How is a micelle different from a liposome?
Phospholipids serve a major function in the cells of all organisms: they form the phospholipid membranes that surround the cell
and also form around intracellular organelles such as the mitochondria. The cell membrane is a fluid, semi-permeable bilayer that
separates the cell's contents from the environment. The animation below the micelle formation is an illustration of how the micelle
layer forms the cell membrane.
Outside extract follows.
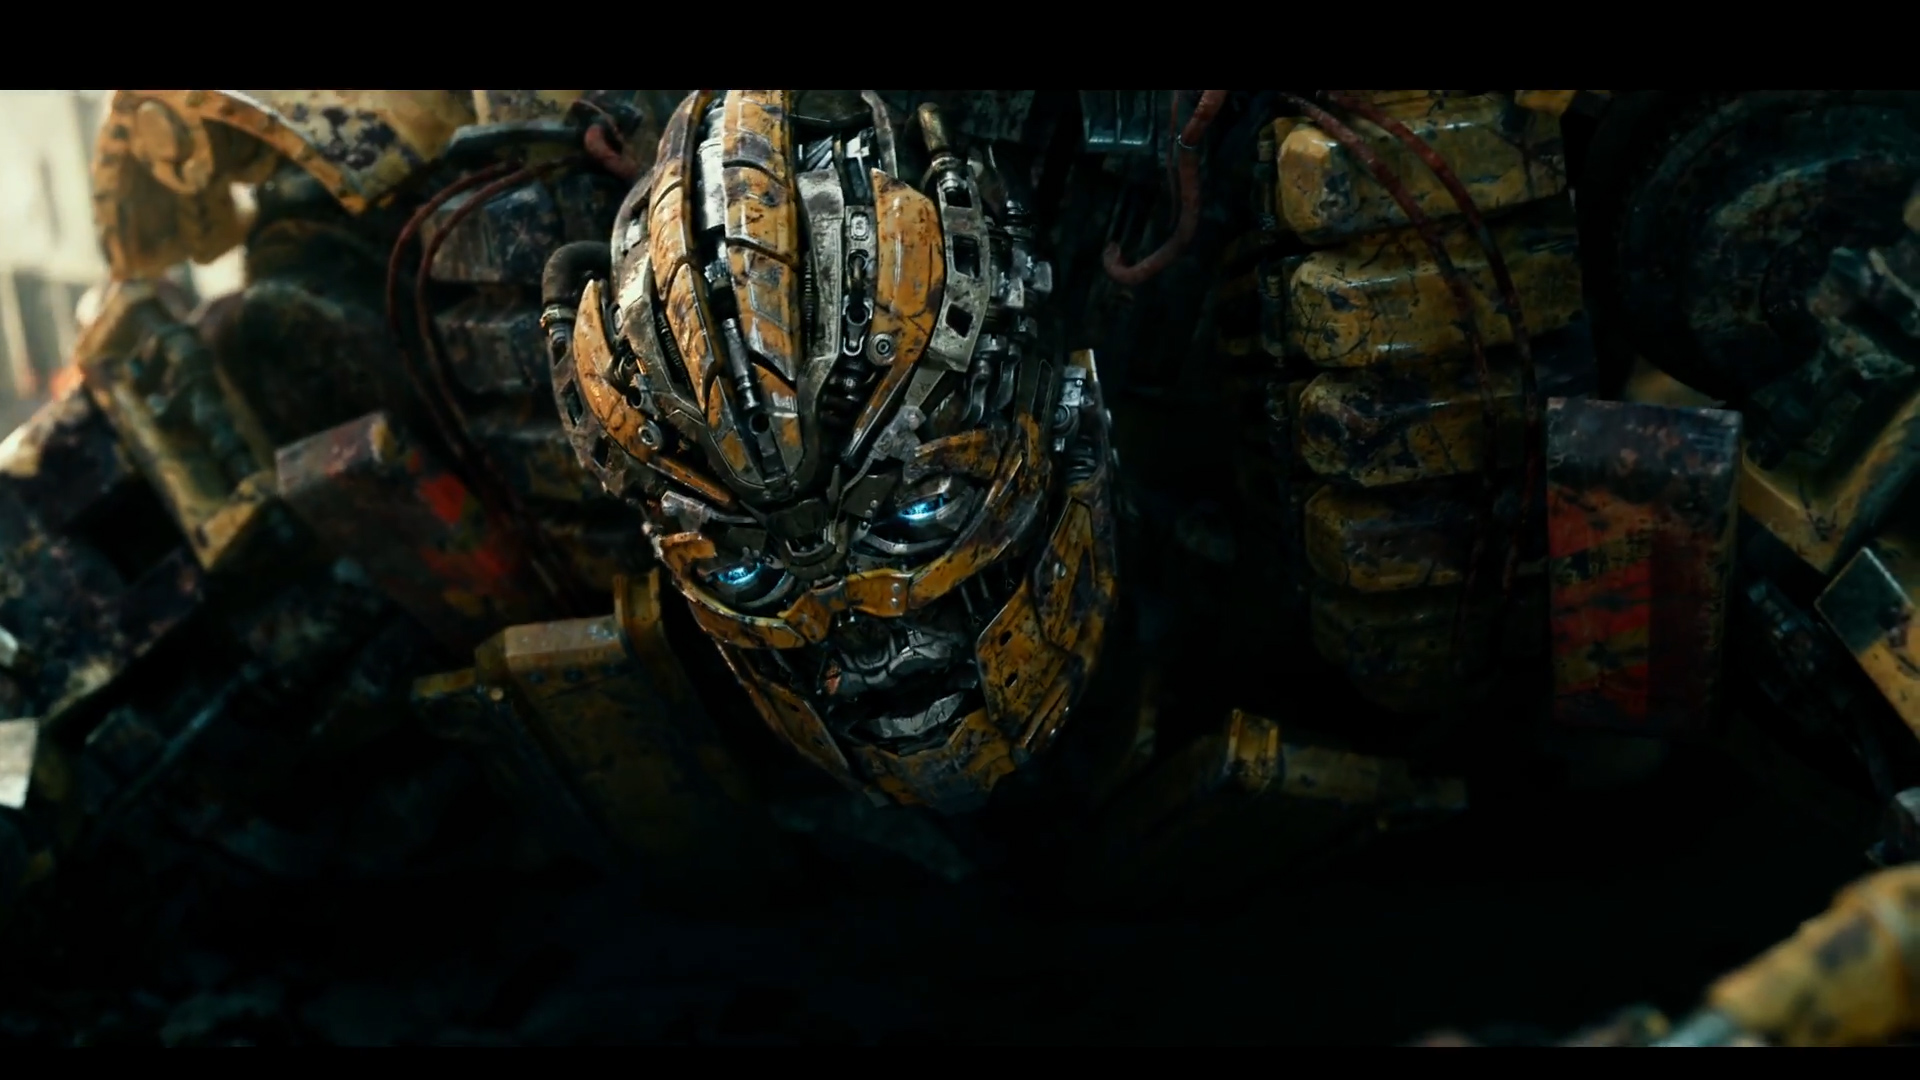 The Latest Movie Transformer Is A Literal Pile Of Garbage

Remember that the cell is a sphere (3D), so all components are entirely surrounded by the cell
membrane.
The membrane is fluid at physiological temperatures and allows cells to change shape due to physical constraints or changing
cellular volumes. The phospholipid membrane allows free diffusion of some small molecules such as oxygen, carbon dioxide, and
small hydrocarbons, but not charged ions, polar molecules or other larger molecules such as glucose. This semi-permeable nature of
the membrane allows the cell to maintain the composition of the cytoplasm independent of the external environment.
5.
Read both paragraphs above. Then write 2-3 sentences explaining the purpose of the phospholipid membrane.
Steroids
The steroids are a family of lipids based on a molecule with four fused carbon rings. This family includes many hormones and
cholesterol. Cholesterol is a component of the cell membrane in animals and functions to moderate membrane fluidity because it
restricts the motion of the fatty acid tails.
6.
Draw a picture of a cell membrane that includes phospholipids, cholesterol. What is the purpose of cholesterol in the cell
membrane?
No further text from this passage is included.